According to an embodiment, the non-content data comprises at least one of version and time non-content data relating to at least one data object stored in the data object storage.
According to an embodiment, the method further comprises, at the data object storage interface, using the non-content data to ensure absolute consistency of at least one data object stored in the data object storage.
According to an embodiment, the method further comprises, at the data object storage interface, initiating a comparison of the non-content data received with the request to non-content data for the data object received from the object storage; in which the non-content data comprises at least one of version and time data.
According to an embodiment, the comparison indicates that the non-content data received with the request and the non-content data for the data object received from the object storage do not match, the object storage interface provides an instruction to apply a lock on a record associated with the object in the database system.
According to an embodiment, the lock is removed once non-content data for the data object received from the object storage are found to match the non-content data received with the request.
According to an embodiment, the method further comprises, at the data system interface:
receiving from a requester, a request to store content data in the database system; forwarding content data associated with the request to the data object storage interface for storing in the data object storage; and forwarding non-content data associated with the request to the database system.
According to an embodiment, the method further comprises, storing in the database system non-content data defining an association between non-content data stored in the database system and a location in the data object storage for storing the content data.
The present invention accordingly provides, in a third aspect, a computer program element comprising computer program code to, when loaded into a computer system and executed thereon, cause the computer to perform the steps of the method set out above.
The invention also provides in a fourth aspect, a system comprising a data system interface in which the data system interface comprises:
a first interface for communicating with a requester device; in which the first interface is configured to receive from the requester device, a request to retrieve a data object from the database system;
a second interface for communicating with a database system; in which the second interface is configured to forward details of the request to the database system; and to receive a response from the database system, in which the response comprises metadata relating to a data object stored in a data object storage; and
a third interface for communicating with a data object storage through an object storage interface; in which the third interface is configured to forward to the object storage interface details of the request and the metadata.
The invention provides in a fifth aspect, a system comprising:
a data object storage interface in which the data object storage interface comprises: a first interface for communicating with a data system interface and through the data system interface with a requester and a database system; in which the first interface is configured to receive from the data system interface, a request, issued by a requester, to retrieve content data from the database system; receive from the data system interface, non-content data relating to a data object comprising the requested content data stored in a data object storage; and forward to the data system interface for delivery to the requester, content data comprised in a data object received from the data object storage;
a second interface for communicating with the data object storage; in which the second interface is configured to forward to the data object storage details of the request, the non-content data; and receive from the data object storage in response, a data object.

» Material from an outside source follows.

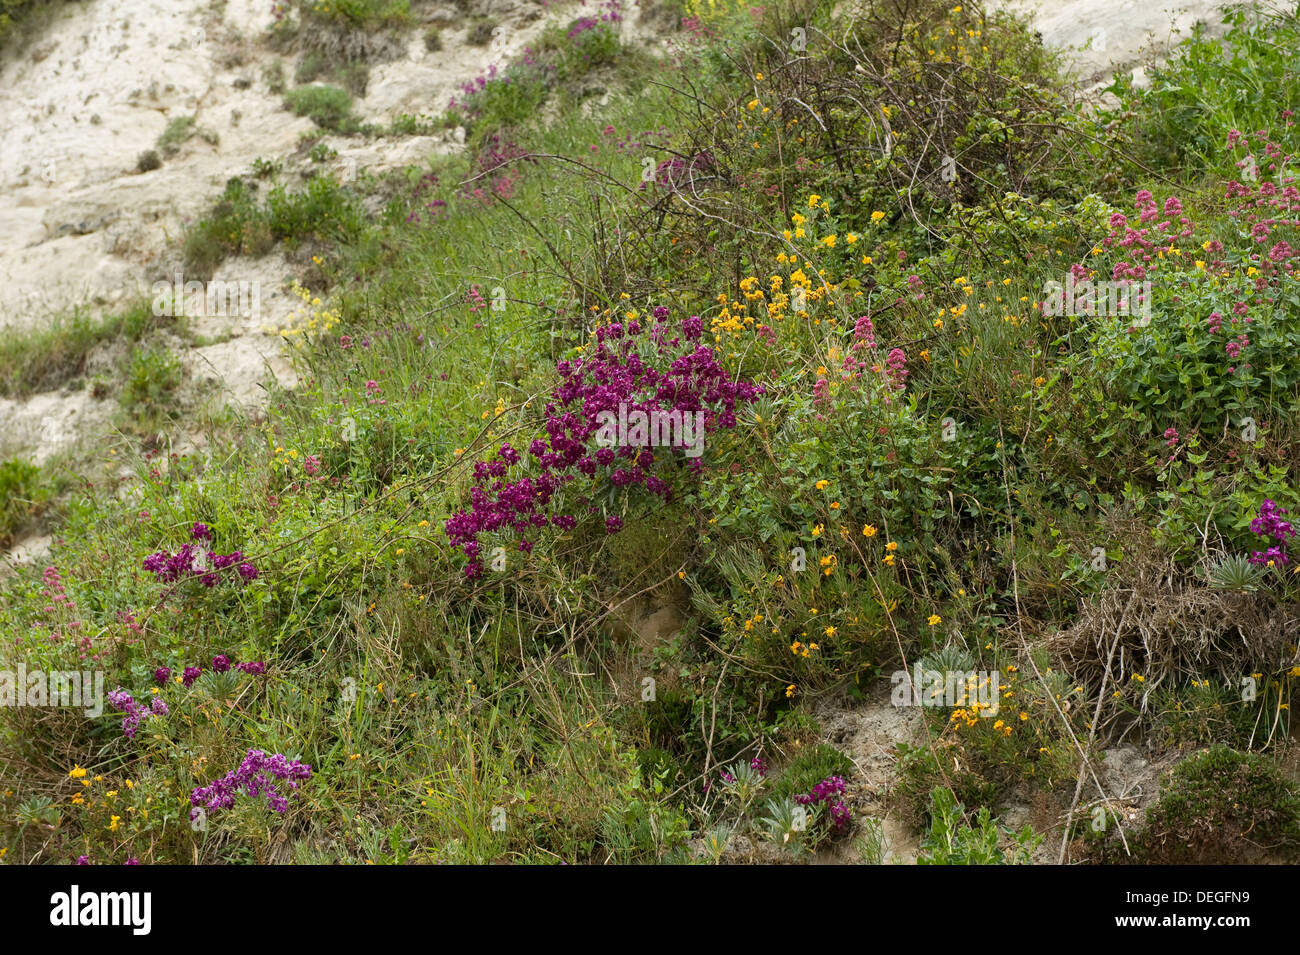 Hoary stock, Matthiola incana, flowering with other vegetation on the cliffs at Beer Beach in Devon Stock Photo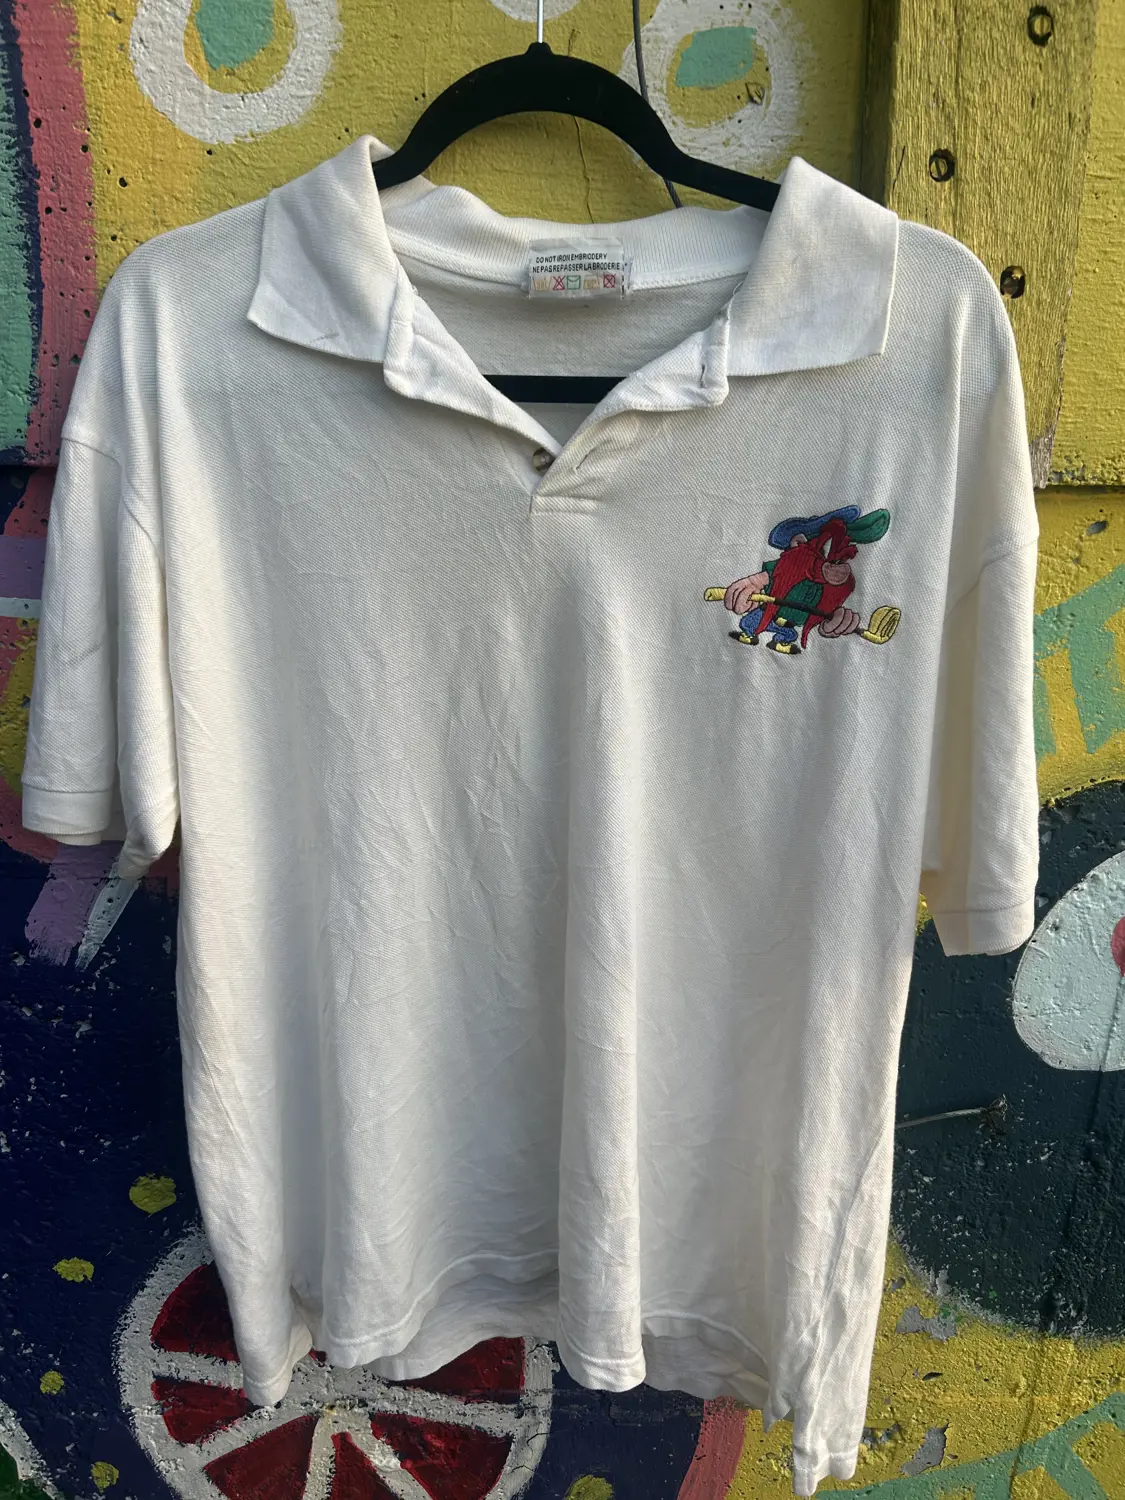 Vintage Looney Tunes Collared shirt

According to an embodiment, the invention also provides a system comprising both the above two systems.
According to an embodiment, the non-content data is derived from the database system. According to an embodiment, the data object storage is a cloud storage.
The present invention accordingly provides, in a sixth aspect, a computer program element comprising computer program code to, when loaded into a computer system and executed thereon, cause the computer to perform the steps of the method set out above.
In order that the present invention may be better understood, embodiments thereof will now be described, by way of example only, with reference to the accompanying drawings in which:
The invention provides for management of data objects, which may comprise a large amount of content data by storing a relatively small amount of non-content data (e.g. metadata) relating to the data object in a databases as block storage, while storing the large amount of content data in data object storage. According to an embodiment, the data object storage used is cloud storage. The invention provides advantages similar to those that would be experienced from storing the data object in the database while avoiding having to support a database large enough to store large quantities of content-data. The invention allows a requester to use sophisticated database techniques to find and manipulate large data objects stored in data object storage as if they were all held in the database.
Cloud storage provides massive scale (10s to 100s of petabytes and billions of data objects) and direct access over HTTP and is approximately ten times less expensive per byte than block storage. A problem with cloud storage is that it does not support an operating system or a database structure. Despite this, the invention effectively extends a database controlled by a database management system (DBMS) to include cloud storage. This is done, according to the invention, by using data segregation. Data is segregated between those data, such as non-content data, that need to be stored in a block storage system and those data, such as content data, that do not. The association between the non-content data and the content data can be maintained when they are stored separately by means of a reference key. According to the invention, no database structure is necessary in the data object storage system. A database structure is implemented in block storage, which stores version- and time-related information relating to data objects stored in the data object storage system, effectively creating a virtual database across the database and the data object storage system.
Hence although cloud storage does not support a database structure, the database structure that is embodied by the DBMS may be used to access and manipulate blocks stored in cloud storage, through the use of reference keys. An example of a suitable reference key is: http://cms-backamaze.gb.storage.cloud.bt.com/Locfilename∥12345, where “http://cms-backamaze.gb.storage.cloud.bt.com” is a reference to a cloud storage system in which “cms-backamaze” is the name of a container where all files are stored and organized and “gb.storage.Cloud.bt.com” is specific to a cloud provider. Also in this example reference key, “Locfilename” is the name of a file and “12345” is the version number of the file.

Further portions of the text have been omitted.